LIBERTÉ
Les 132 minutes de Sodome
Trois libertins expulsés de la cours puritaine de Louis XVI tentent d’exporter en Allemagne leur philosophie fondée sur le rejet de la morale et de l’autorité. C’est la nuit, dans une épaisse forêt à l’abri des regards, qu’ils décident de s’adonner à leurs jeux pervers et d’assouvir leurs désirs les plus secrets, entraînant avec eux quelques jeunes et jolies novices du couvent voisin…
Ça dure 2h12. Voilà, il faut le dire. Il faut être préparé. Parce qu’on ne rentre pas dans cette forêt sombre sans un minimum de préparatifs. Le pari est certes déjà gagné pour tous ceux qui auront frôlé l’état d’hypnose tout au long de la seconde partie de "Tropical Malady" d’Apichatpong Weerasethakul (où l’on suivait une traque quasi muette entre deux hommes dans une jungle majoritairement plongée dans le noir), mais pour les autres, visionner le nouveau film d’Albert Serra – créateur d’expériences de cinéma à la lenteur prodigieusement vaniteuse – sera une épreuve. Si celle-ci peut en l’occurrence stimuler au lieu de rebuter, cela tient à très peu de choses : une scénographie très minutieuse qui joue beaucoup sur les apparitions/disparitions à différentes échelles de plan, une bande-son qui zappe toute trace de musique au profil des sons naturels de la nuit, une photographie splendide qui met en valeur les éléments naturels et les variations de lumières, des cadrages sophistiqués qui découpent et segmentent les corps au lieu de les exhiber dans leur totalité (la curiosité et l’excitation montent toujours plus si l’on entend tout et qu’on ne voit pas tout), des dialogues d’une crudité dingue qui ont l’air d’avoir été écrits par ce cher marquis de Sade. C’est un pur geste de cinéma. Radical, c’est certain. Dérangeant, bien entendu – l’interdiction aux moins de 16 ans avec avertissement est justifiée. Mais impressionnant à plus d’un titre.

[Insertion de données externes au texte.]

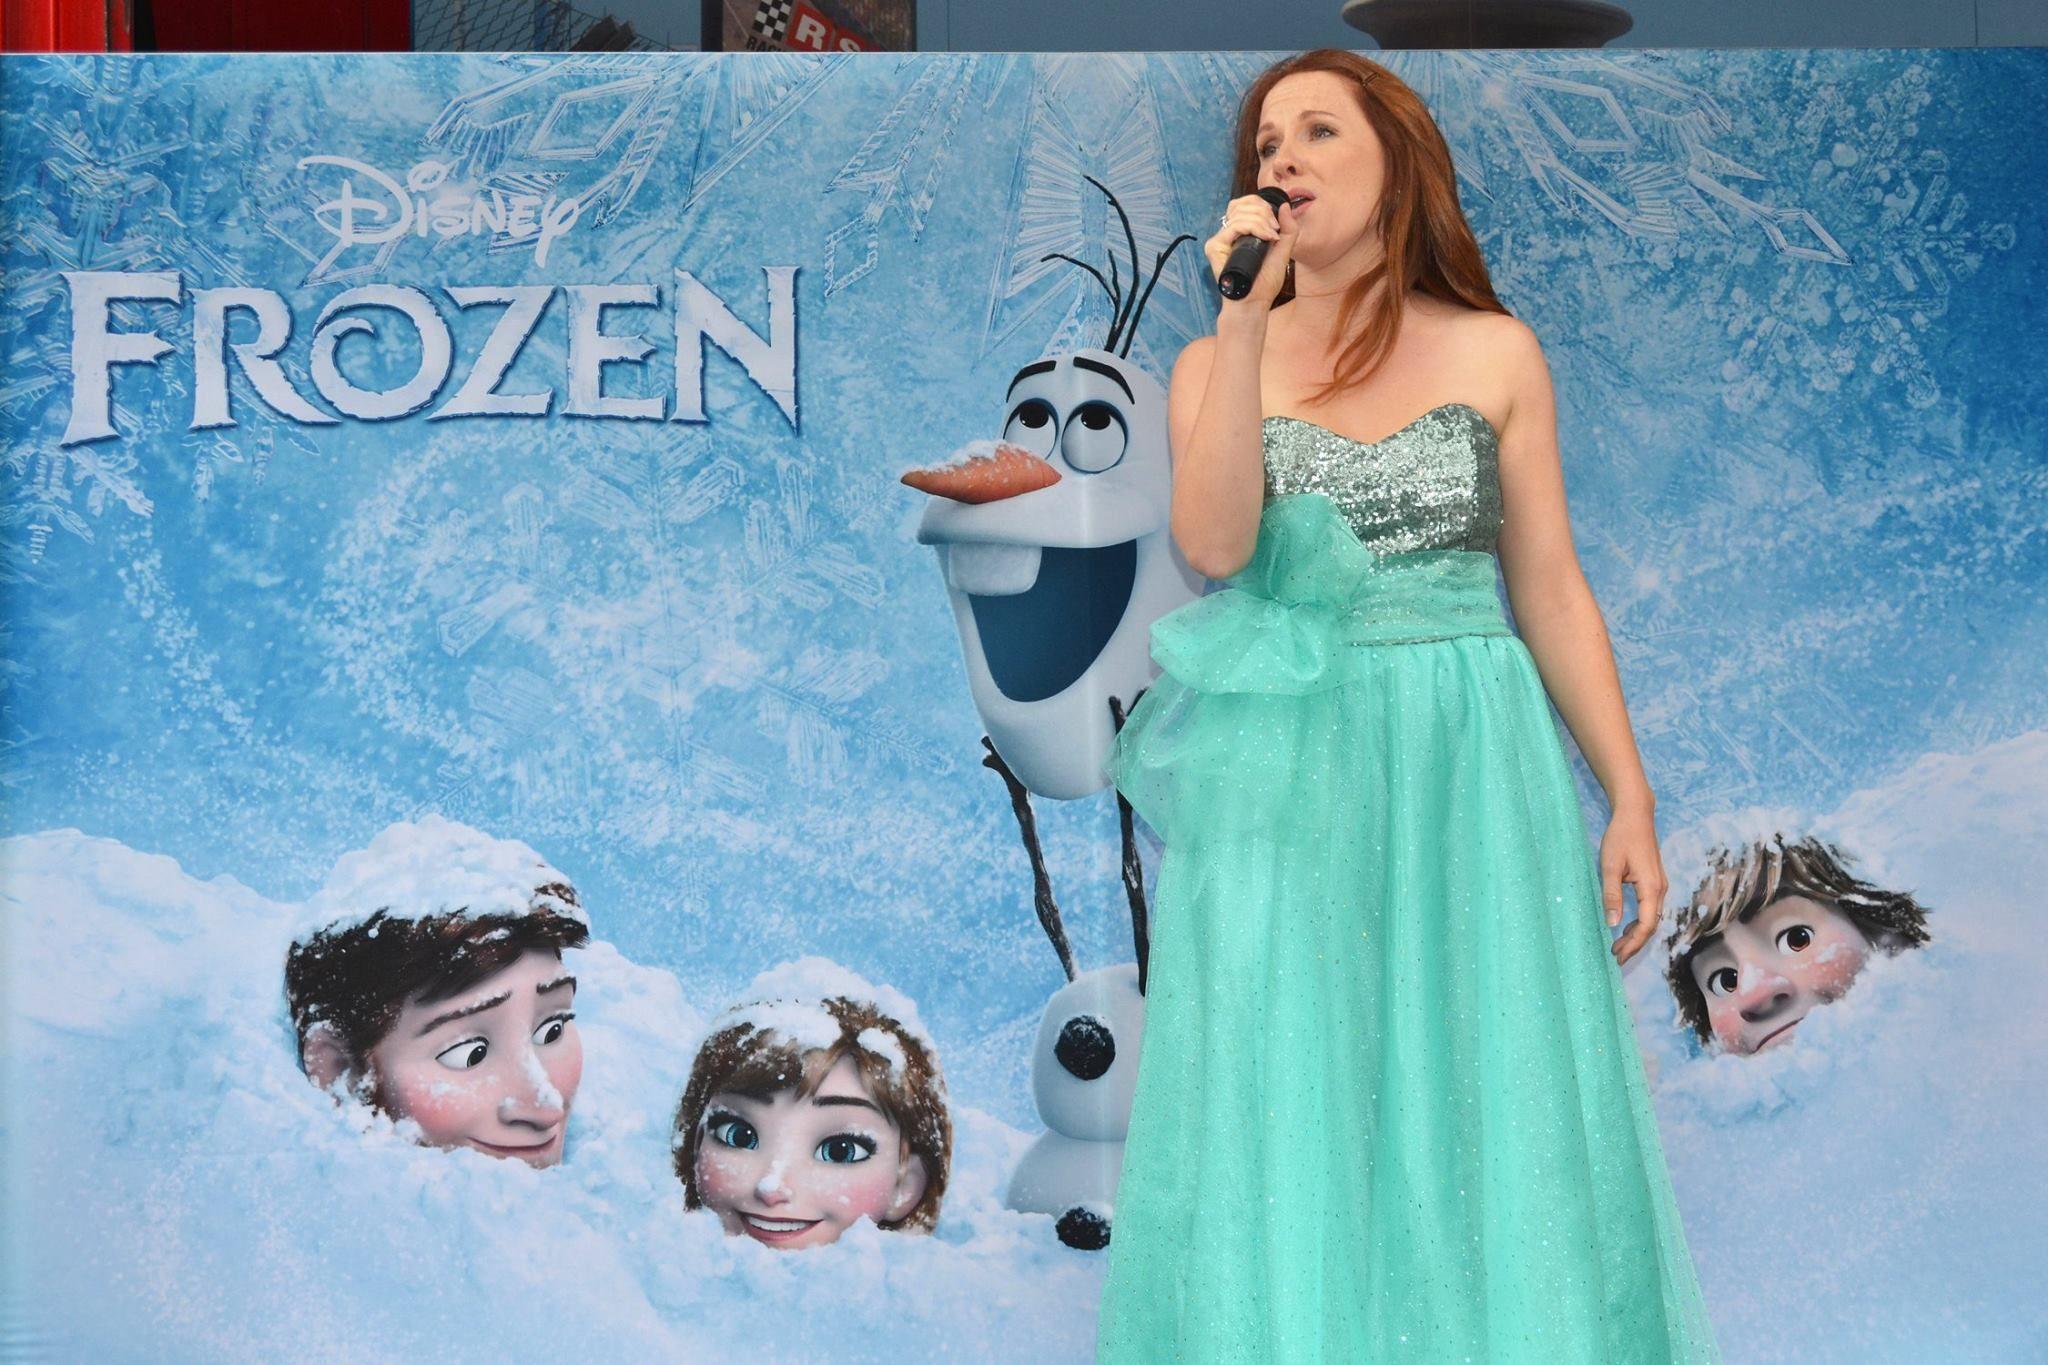 VERITY HUNT-BALLARD OPENS DISNEY'S FROZEN Verity Hunt-Ballard opens Disney's Frozen at The Melbourne Star wearing the Bethany Bow Gown

Cette réunion secrète entre des aristocrates libertins et des femmes « kidnappées » pour leur plaisir, avec tout ce que cela suppose de seins, de fesses, de verges en érections, de fouet, de foutre et d’urine, est donc moins un film qu’une expérience à tenter, qui va à coup sûr fasciner ou exaspérer – doit-on s’étonner que la plupart des festivaliers cannois aient hurlé au scandale devant un tel film ? Le fait d’être resté en état d’hypnose jusqu’au bout, au point même de regretter que le film n’ait pas duré une heure de plus, n’est qu’un avis subjectif – et ce film-là nous condamne d’ores et déjà à laisser traîner l’objectivité sur le caniveau. S’il y a néanmoins un conseil que l’on peut donner, ce serait le suivant : comme dans bien d’autres films à la radicalité aussi éclatante (catégorie dans laquelle les films de Bela Tarr ont leur place), il est capital de rester jusqu’au bout si l’on accepte de rentrer en son âme et conscience dans "Liberté". Lorsqu’il s’achève, même en ayant été subjugué ou en ayant quelque peu somnolé, le lever du jour qui clôt le récit nous donne l’impression d’avoir passé 132 minutes dans un état second, d’avoir vécu quelque chose d’inédit (d’interdit ?) qui ne se reproduira pas de sitôt, d’avoir peut-être rêvé ou fantasmé à distance. Le cinéma peut-il être le lieu de partage de l’inavouable ? Albert Serra ne semble pas nous répondre par la négative. On ne le conchiera pas pour ça, loin s’en faut.